Bacterial infections occurred somewhat more frequently in the
immediate-treatment arm (19 vs 13, 1.1 vs 0.8 per 100 PY). In each arm the most
common bacterial infection was pneumonia, and the difference between arms was
chiefly driven by four cases of sepsis in the immediate-treatment arm. Three
participants in the immediate arm each experienced more than one bacterial
infection.
There was no significant difference in the death rate between arms: ten
occurred in the immediate arm and 13 in the deferred arm.

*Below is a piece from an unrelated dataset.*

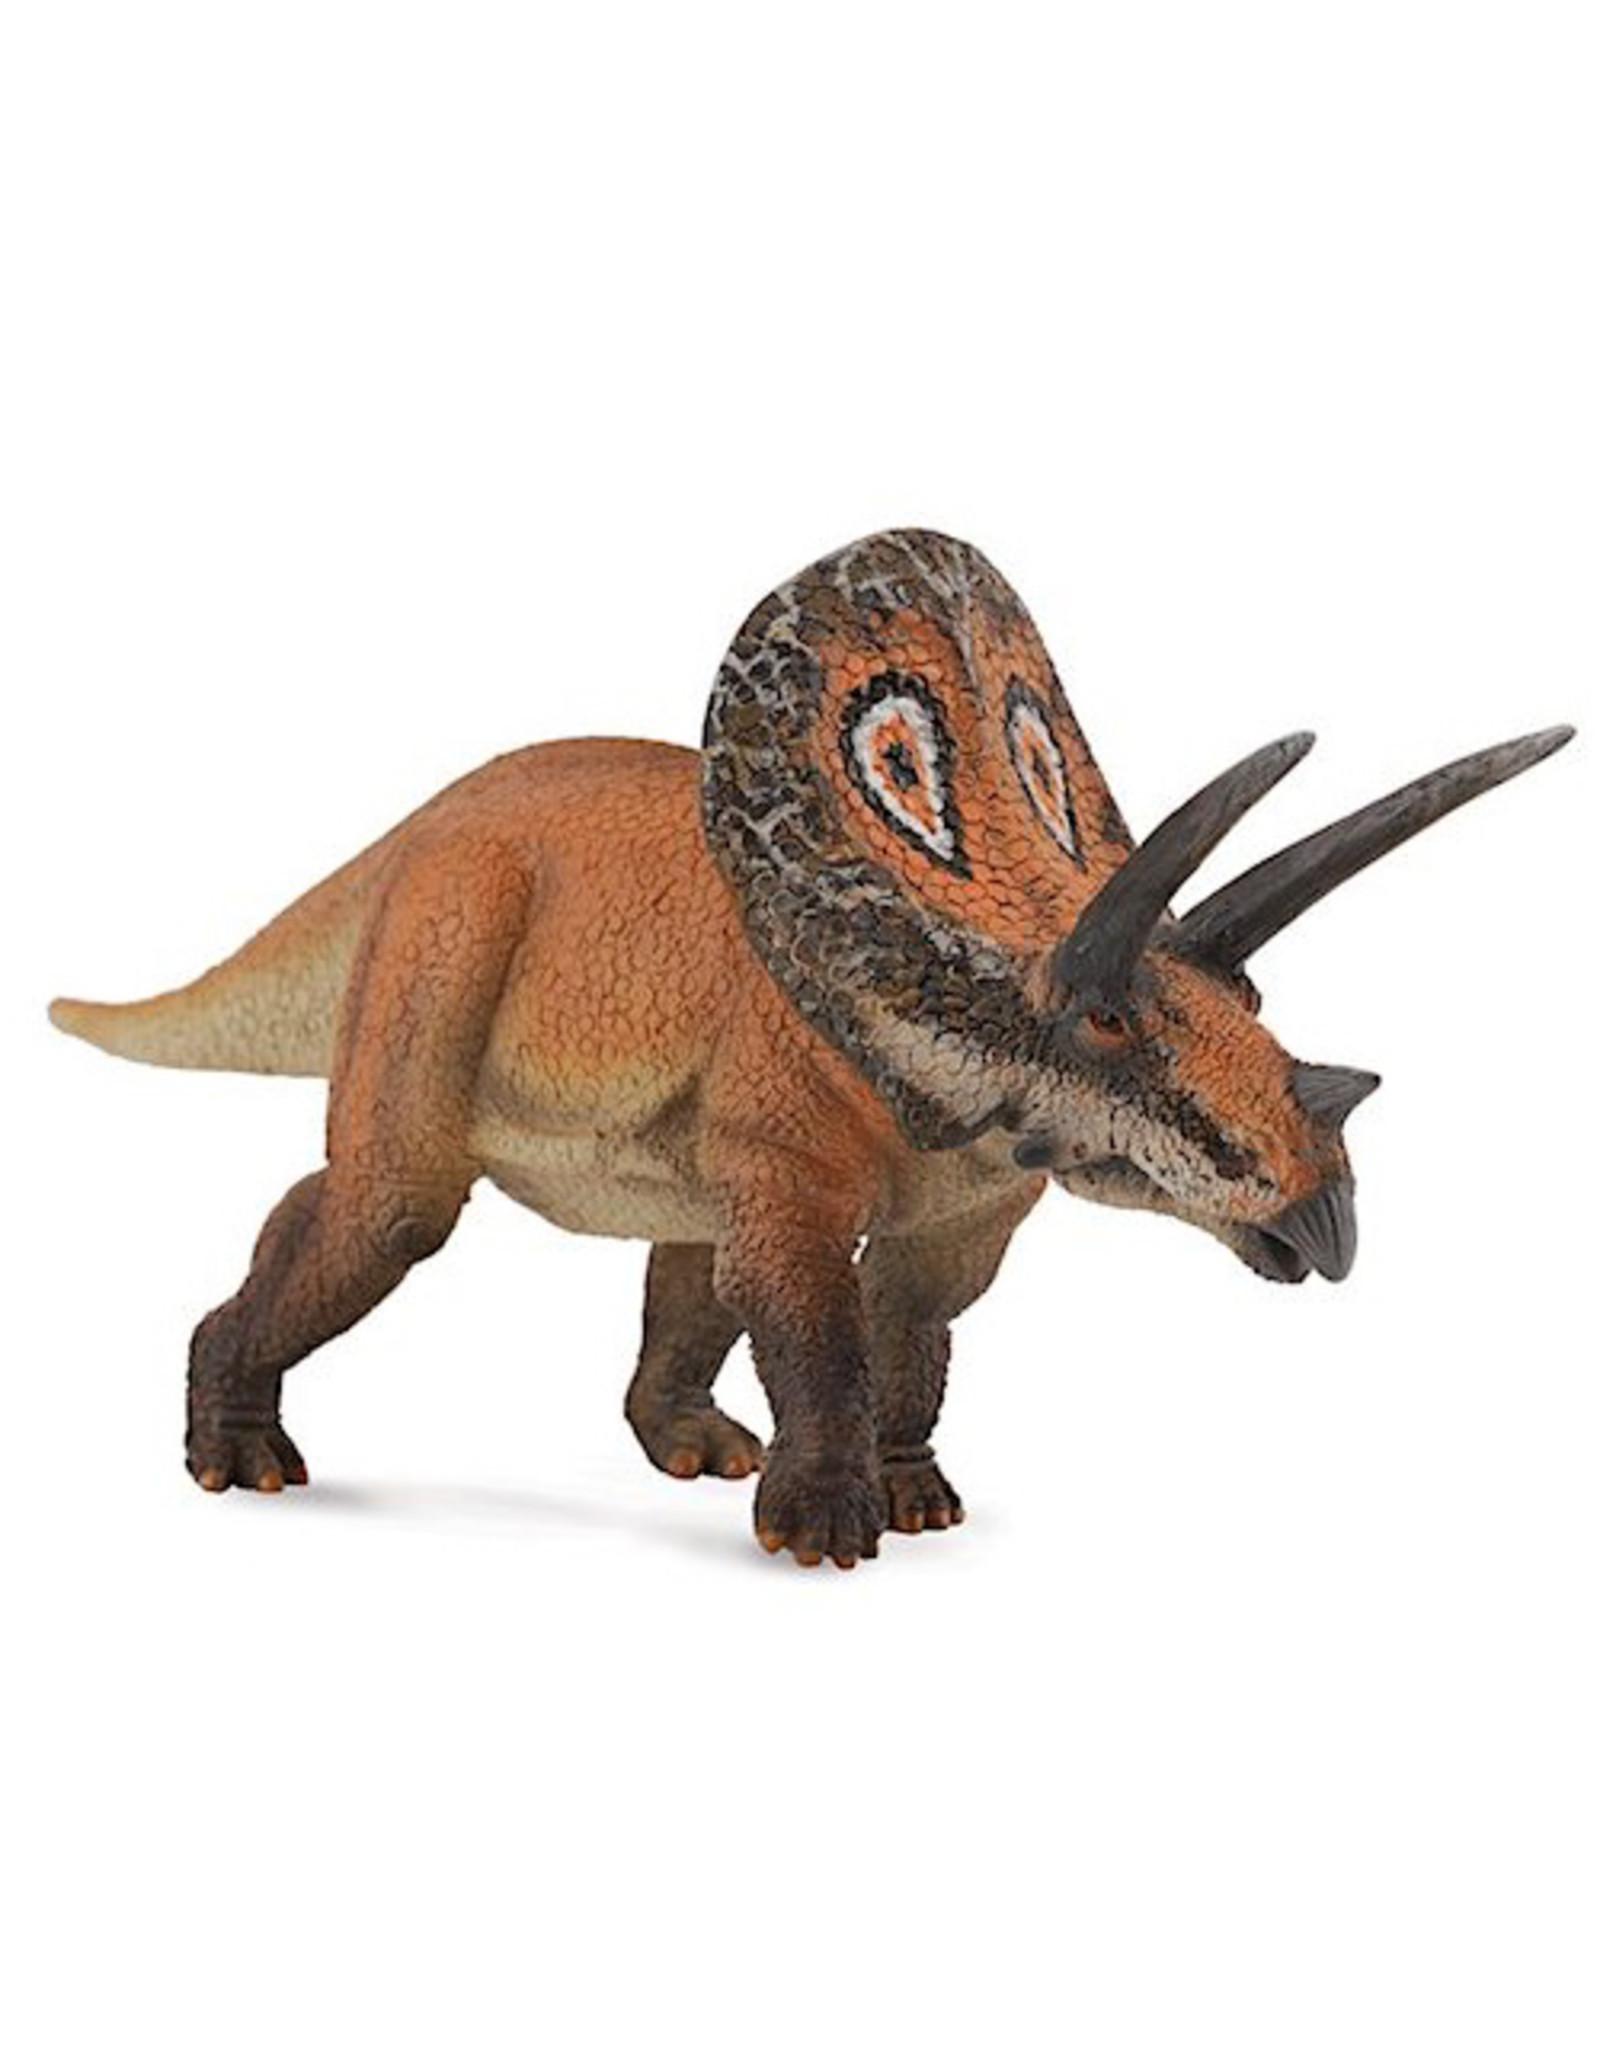 Breyer Breyer Large Dino

Deaths were largely
attributed to causes other than HIV in the immediate arm: 3 suicides, one
stroke, and three unknown causes, with only three deaths due to infection
(leptospirosis, TB and sepsis) in the immediate arm. Almost half the deaths in
the delayed arm were of unknown cause, with two accidental deaths, one stroke
and only two deaths due to infection.
There was no significant difference in severe adverse events between the two
arms (14% in each), nor any difference in the distribution of types of adverse
event between the two arms.
References
Grinsztejn B et al. Effects of early versus delayed initiation of
antiretroviral therapy (ART) on HIV clinical outcomes: results from the HPTN 052
randomised clinical trial. Sixth International AIDS Society Conference on
HIV Pathogenesis, Treatment and Prevention, Rome, abstract MOAX0105, 2011.
Hosseinipour MC et al. Immunologic and virologic disease progression and
responses to ART across geographic regions: outcomes from HPTN 052 study.
Sixth International AIDS Society Conference on HIV Pathogenesis, Treatment and
Prevention, Rome, abstract MOAX0104, 2011.